_TO DO_
Please write out every line of the material, leaving out any picture.

_SOURCE DATA_

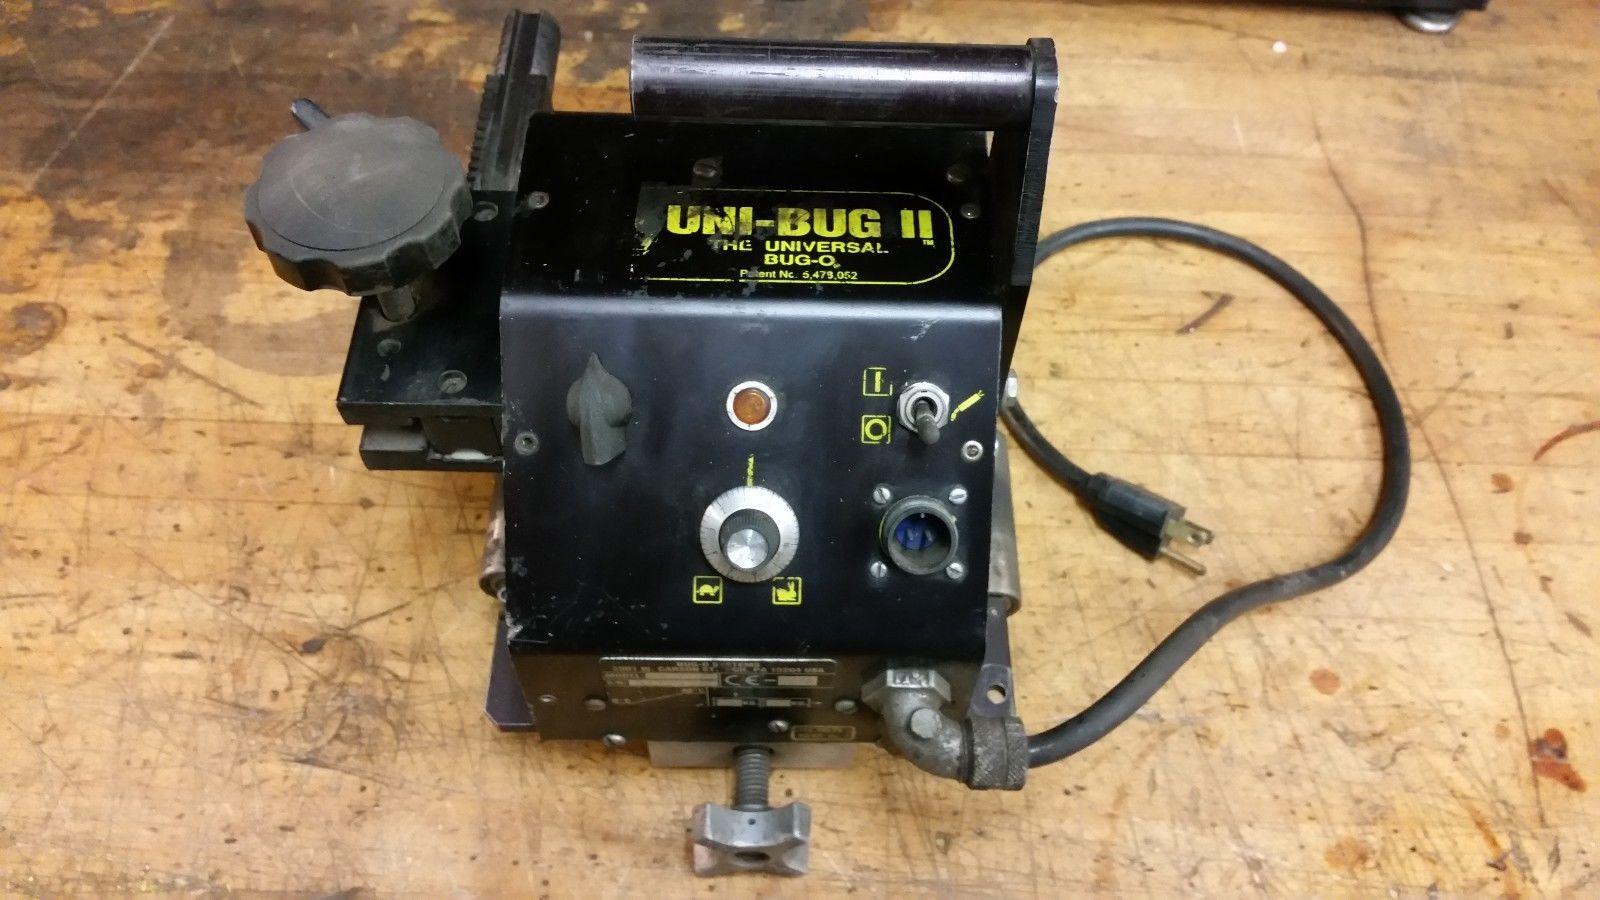 Bug-o Uni-Bug II mig welding track tractor motorized torch carrier robot
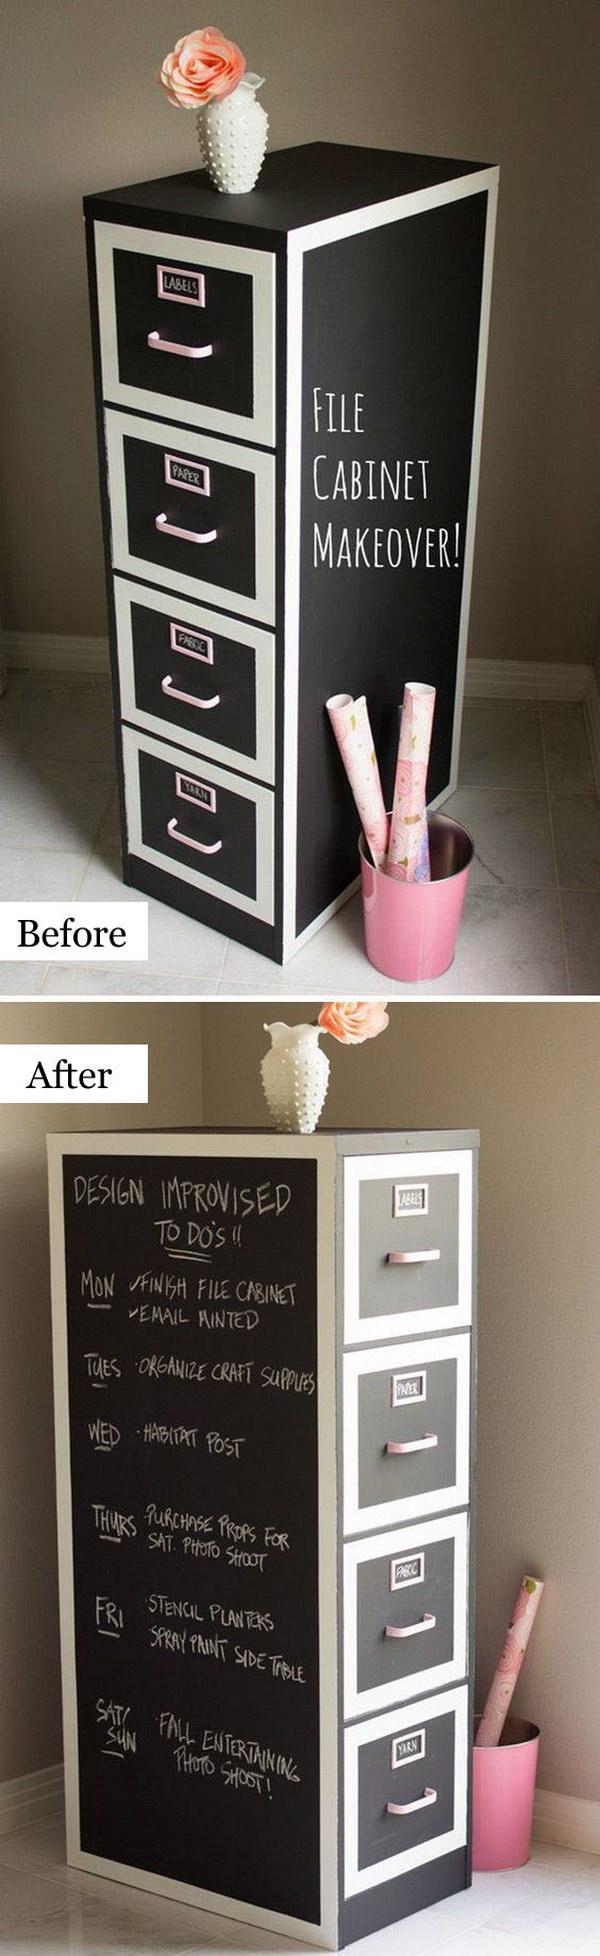 File Cabinet Makeover.
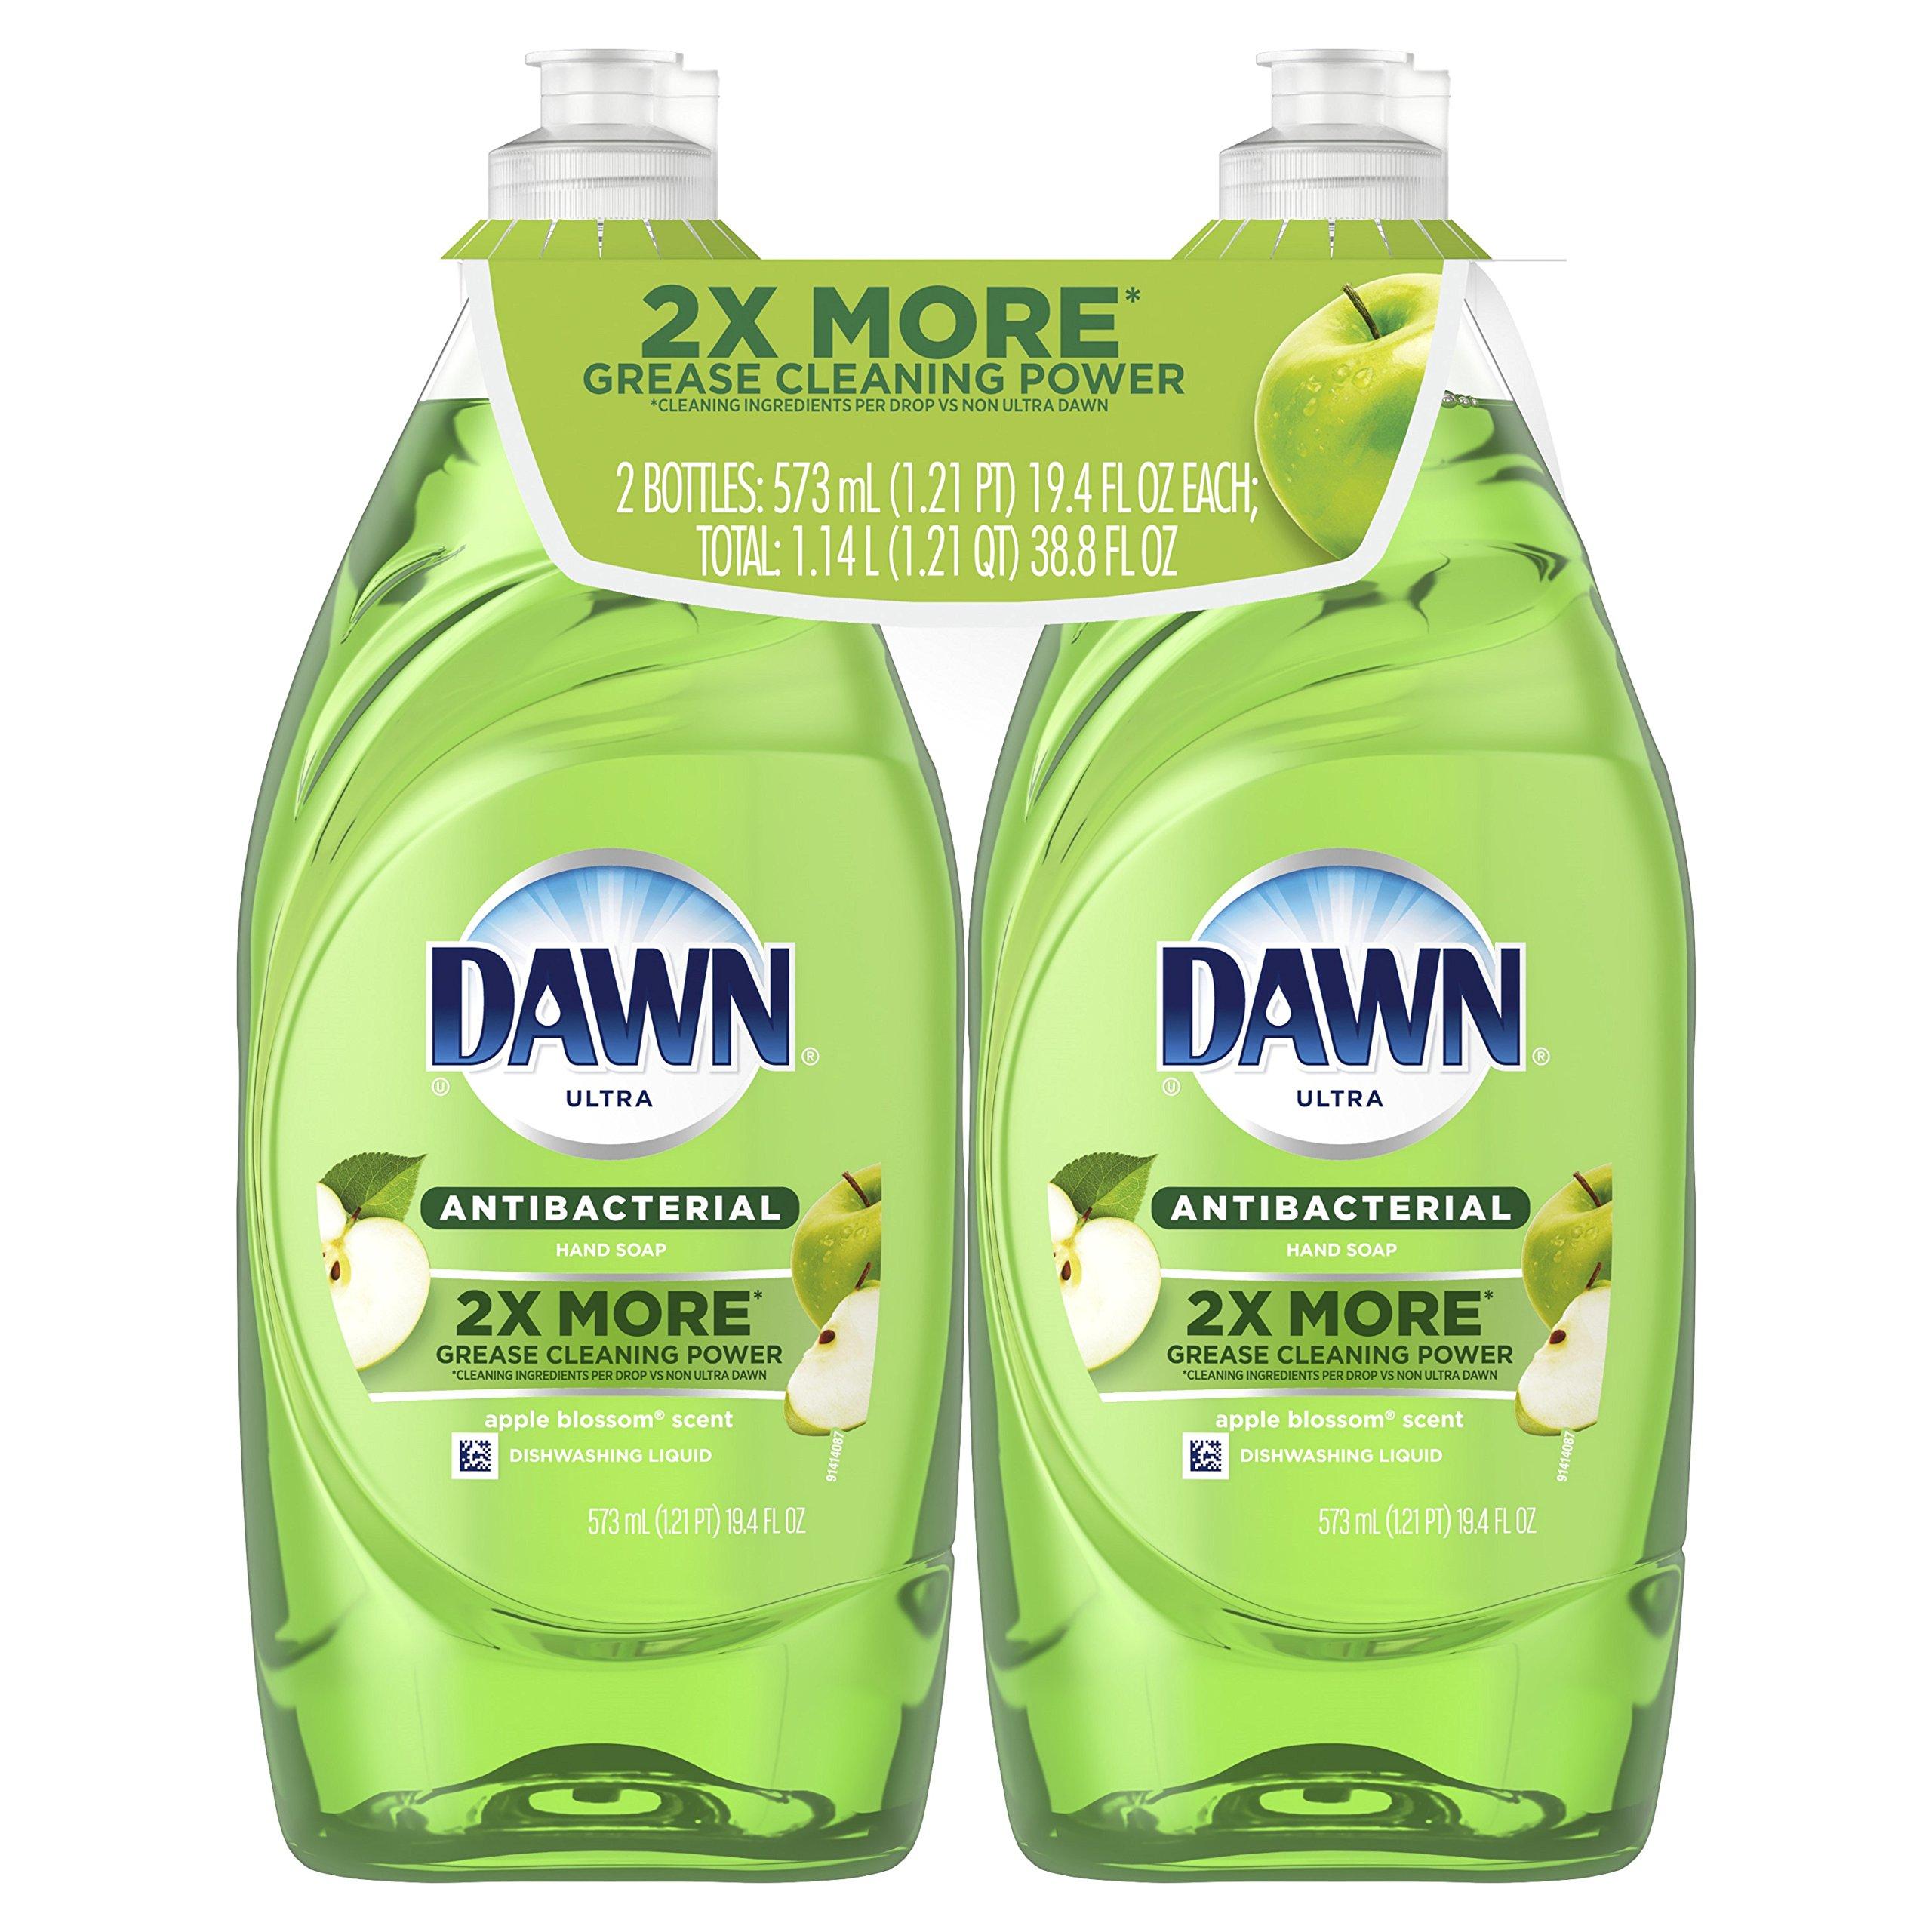 Dawn Ultra Antibacterial Dishwashing Liquid, Apple Blossom, 19.4 Fl Oz, 2 Count

_SOLUTION BELOW_
 Bug-o Uni-Bug II mig welding track tractor motorized torch carrier robot
 File Cabinet Makeover.
 Dawn Ultra Antibacterial Dishwashing Liquid, Apple Blossom, 19.4 Fl Oz, 2 Count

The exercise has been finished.